Orders
- Ordination: 24 May 2014
- Rank: Priest

Personal details
- Born: Chase Michael Hilgenbrinck April 2, 1982 (age 44) Quincy, Illinois, United States

Association football career
- Height: 5 ft 10 in (1.78 m)
- Position: Defender

College career
- Years: Team / Apps / (Gls)
- 2000–2003: Clemson Tigers

Senior career*
- Years: Team / Apps / (Gls)
- 2004–2005: Huachipato
- 2005: → Deportes Naval (loan)
- 2006–2007: Ñublense / 61 / (11)
- 2008: New England Revolution / 4 / (0)
- Total:  / 65+ / (11+)

= Chase Hilgenbrinck =

American Roman Catholic Priest and retired soccer player (born 1982)

The Reverend Father Chase Michael Hilgenbrinck (born April 2, 1982) is an American Roman Catholic priest and former professional soccer defender. In 2008, he notably announced his retirement from professional soccer to become a priest.

==Early life==
His parents, Mike (a regional sales manager for a fertilizer dealership) and Kim (an accountant with State Farm Insurance), raised their children as Catholics. They brought him and his older brother, Blaise, to church every Sunday, where both sons served as altar boys at Holy Trinity Church in Bloomington, Illinois. Chase played soccer for University High School in Normal, Illinois.

==Soccer career==
Hilgenbrinck made the United States Under-17 national team, before moving on to play for Clemson University, where he was a three-year starter, playing on the same defensive line as future U.S. senior national team fixture Oguchi Onyewu.
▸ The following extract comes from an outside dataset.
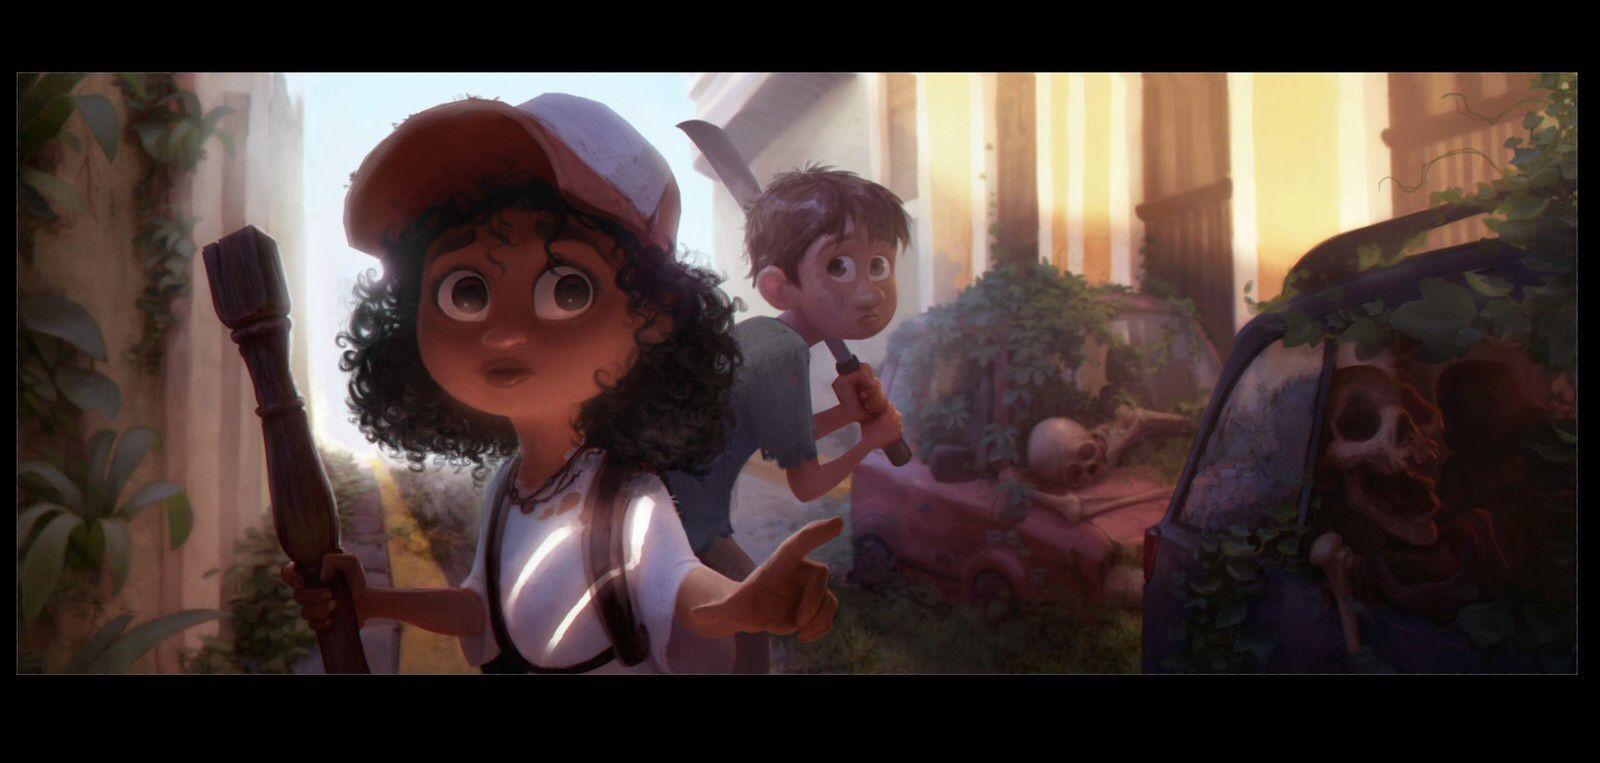 Jake Panian Animation design, Painting, Illustration

After graduating in 2004, Chase was undrafted by Major League Soccer (MLS) after a decent college career. Claudio Arias, the Chilean soccer coach at nearby Southern Wesleyan University, suggested going to Chile where he thought he could help Chase get a contract. Hilgenbrinck signed with Huachipato of Chile's top division, but was loaned out to lower division club Deportes Naval. He eventually moved on to second-division club Ñublense and helped them to achieve promotion to Chile's top flight. In all, he spent four seasons in Chile, with three clubs, and grew to become a star player.
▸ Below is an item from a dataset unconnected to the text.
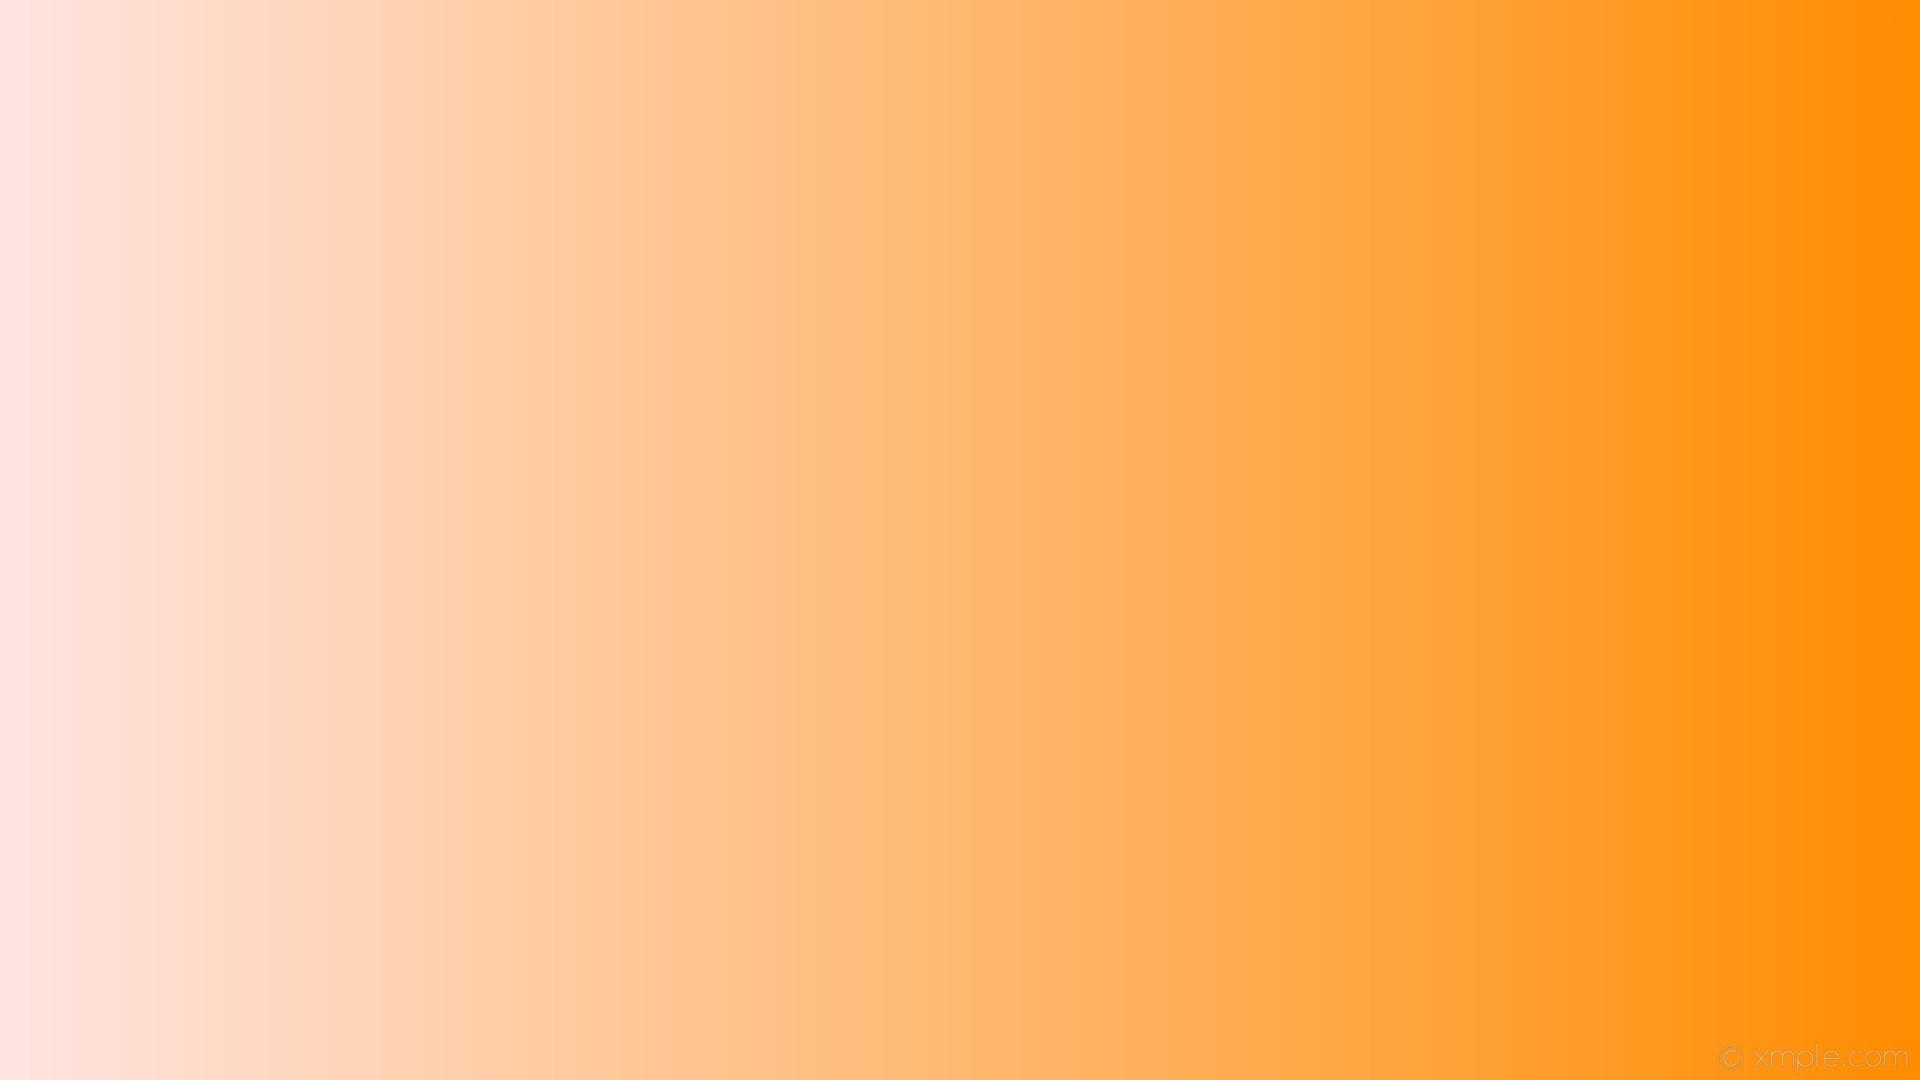 wallpaper gradient orange linear white misty rose dark orange #ffe4e1  #ff8c00 180°

He joined the Colorado Rapids in early 2008, but was waived during the pre-season without making a senior appearance after the Rapids needed to clear salary cap space for other acquisitions. Two weeks later the New England Revolution called, and after a two-day tryout, the Revolution signed him on March 28.

Hilgenbrinck's last game was on a Sunday, July 13, 2008, at Gillette Stadium in Foxborough, Massachusetts when the New England Revolution faced Mexican club Santos Laguna in a SuperLiga game.

==Catholic priest==
In the summer of 2007, the vocation director for the Catholic Diocese of Peoria, Illinois, sent him an extensive application packet. He had to write a 20-page autobiography and submit responses to a series of essay questions. In December, the day after he returned to the U.S. following the end of the soccer season in Chile, he went through an entire battery of testing.

Hilgenbrinck retired from soccer on July 14, 2008, to enter Mount St. Mary's Seminary at Mount St. Mary's University in Emmitsburg, Maryland in order to become a priest. He was ordained in the diocese of Peoria on May 24, 2014. He served as a parochial vicar for St. Anne's Catholic Church in East Moline, Illinois, as well as one of the chaplains at Alleman High School in Rock Island, Illinois.

On June 8, 2016, Hilgenbrinck was assigned to St. John's Catholic Newman Center in Champaign, Illinois. In 2020, Hilgenbrinck was appointed vocation director for the Diocese of Peoria.